Notably, a subgroup analysis revealed a concerning trend: ivabradine was associated with an increased risk of MINS among patients with a prior history of coronary artery disease (RR 1.49; 95% CI 1.03 to 2.16). This effect was not observed in patients without a history of coronary artery disease (RR 0.98; 95% CI 0.78 to 1.24).
Modest Heart Rate Reduction and Increased Bradycardia
While ivabradine did lower the average heart rate during surgery by 3.2 beats per minute compared to placebo, there was no significant difference in blood pressure between the two groups. However, clinically important bradycardia – a dangerously slow heart rate – was more common in the ivabradine group (RR 1.18; 95% CI 1.00 to 1.40).

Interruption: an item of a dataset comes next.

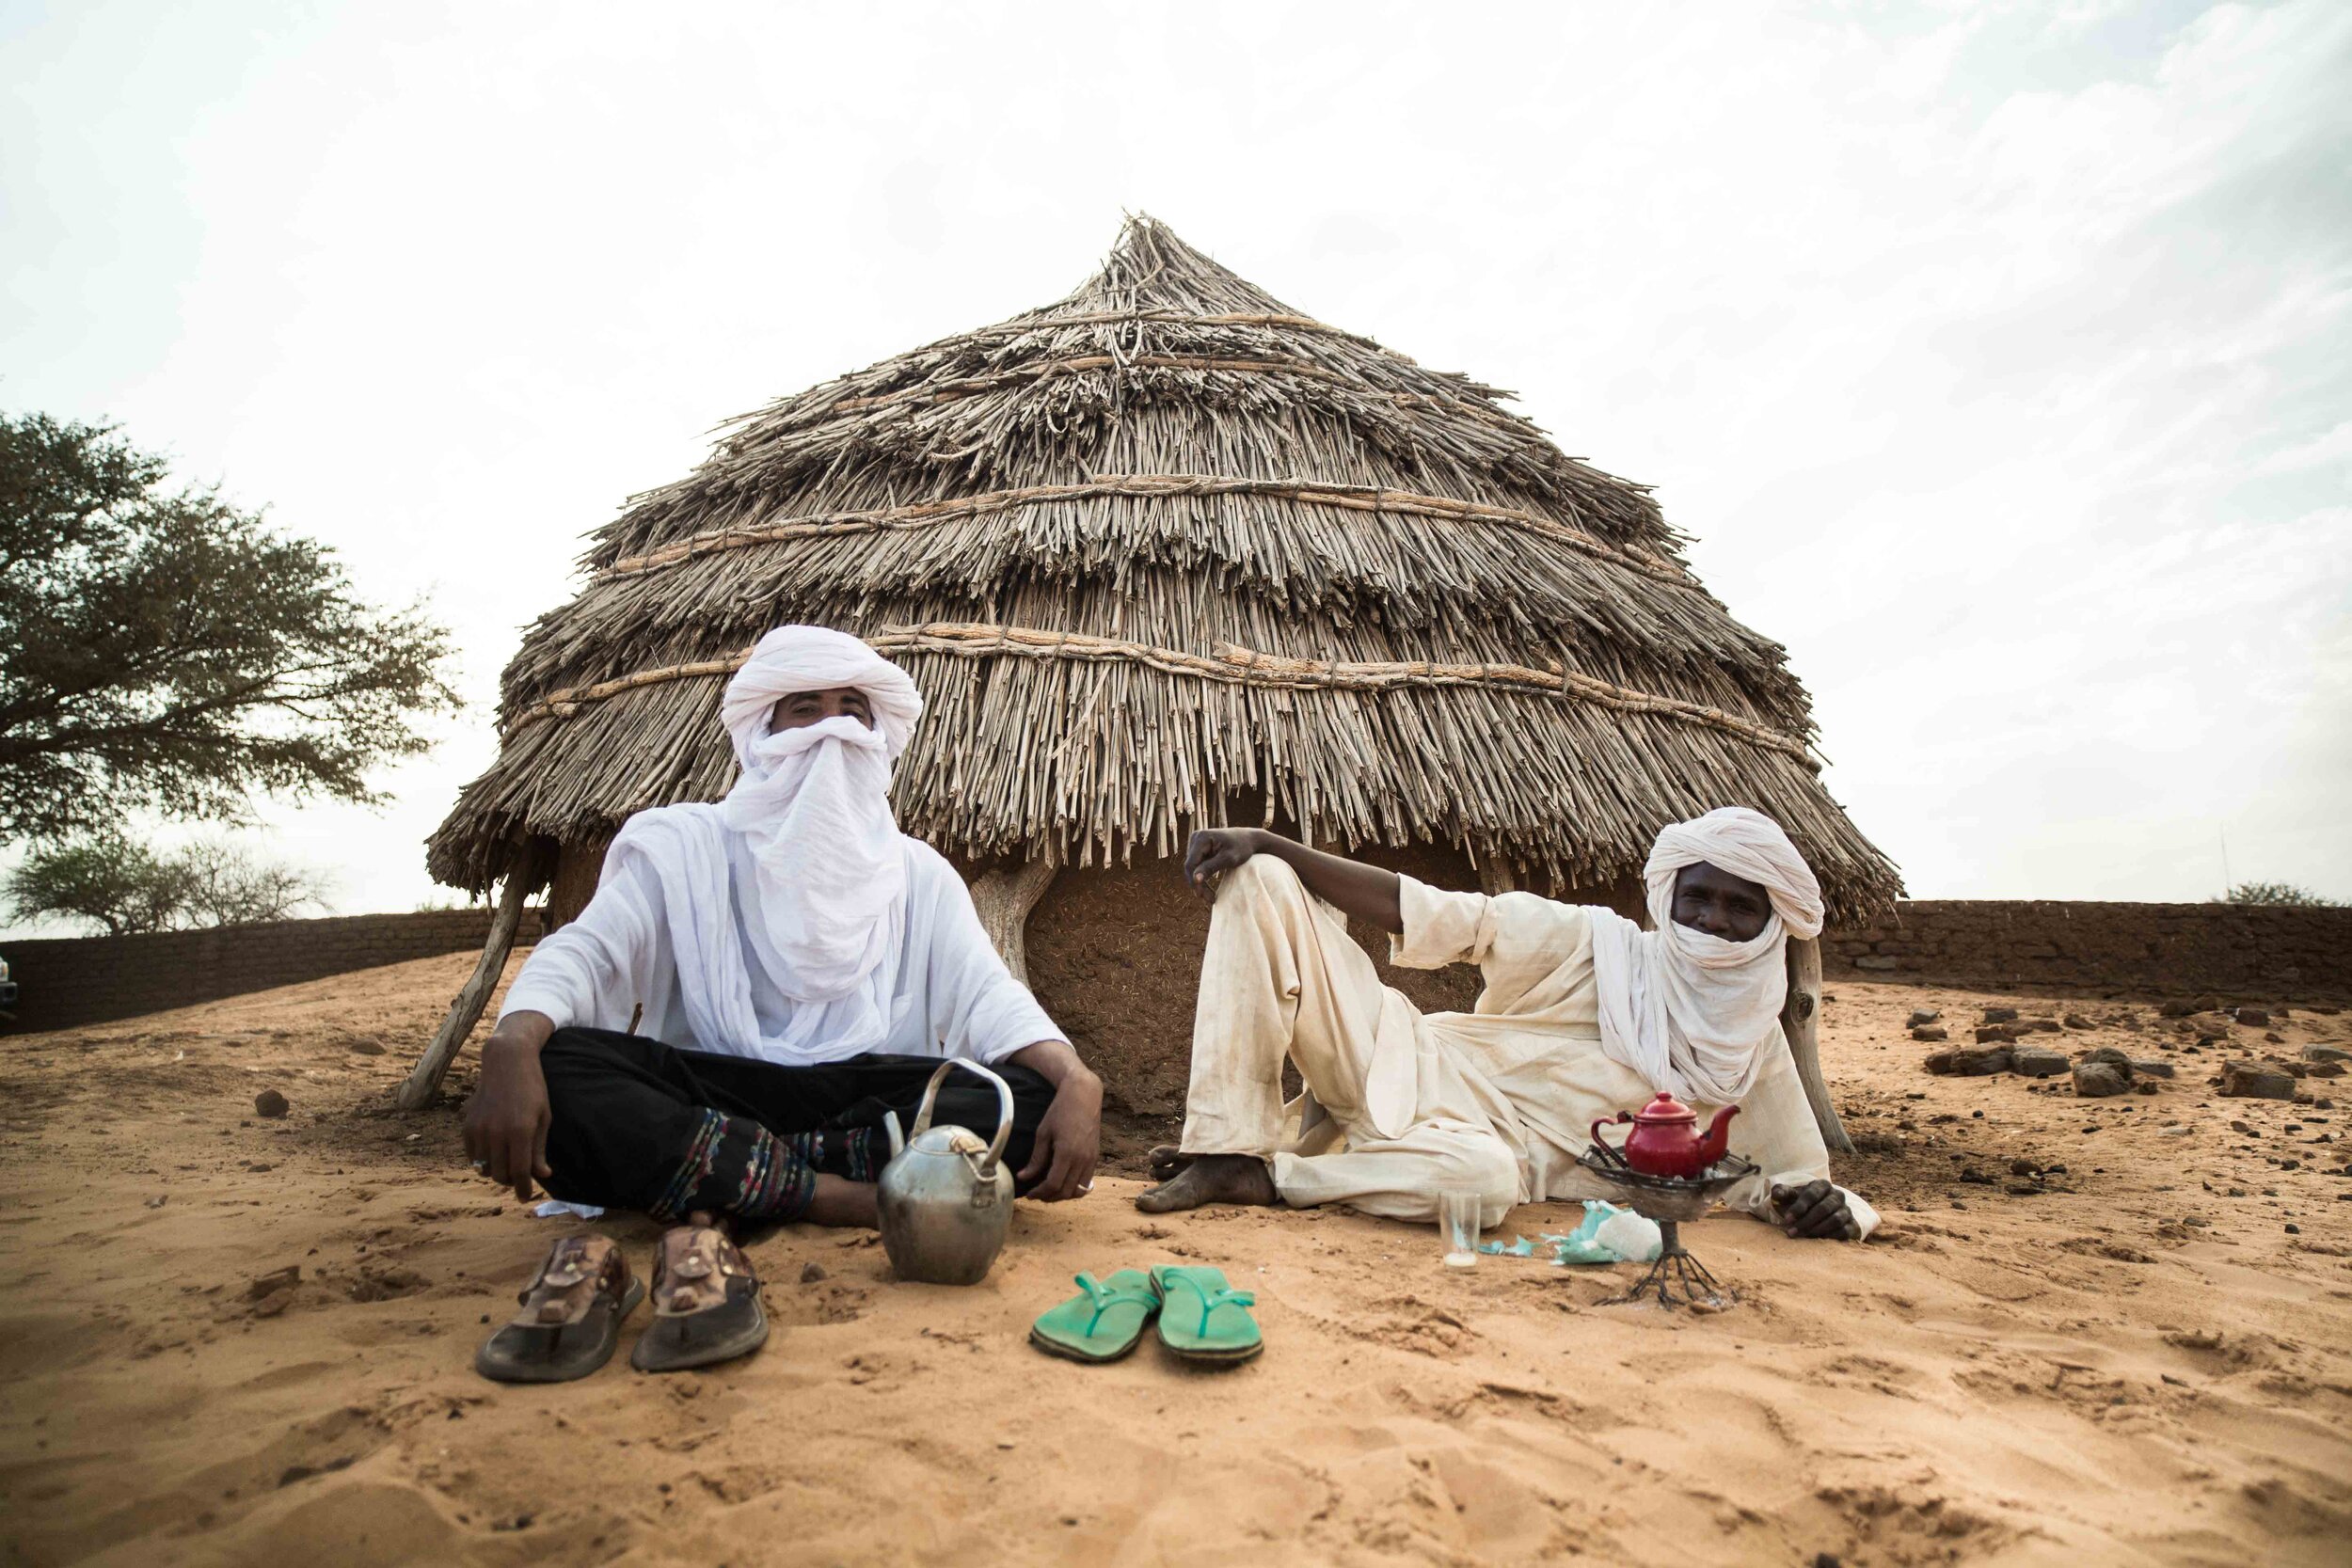  Niger, 2016

“Heart-rate lowering was modest and the possible higher MINS incidence in patients with known coronary artery disease is contrary to our original hypothesis,” stated a led researcher involved in the study. “Further research is needed to establish a method to safely control the heart’s stress associated with noncardiac surgery.”
The findings underscore the complexity of managing cardiovascular risk during surgery and highlight the need for more targeted strategies to protect patients from MINS.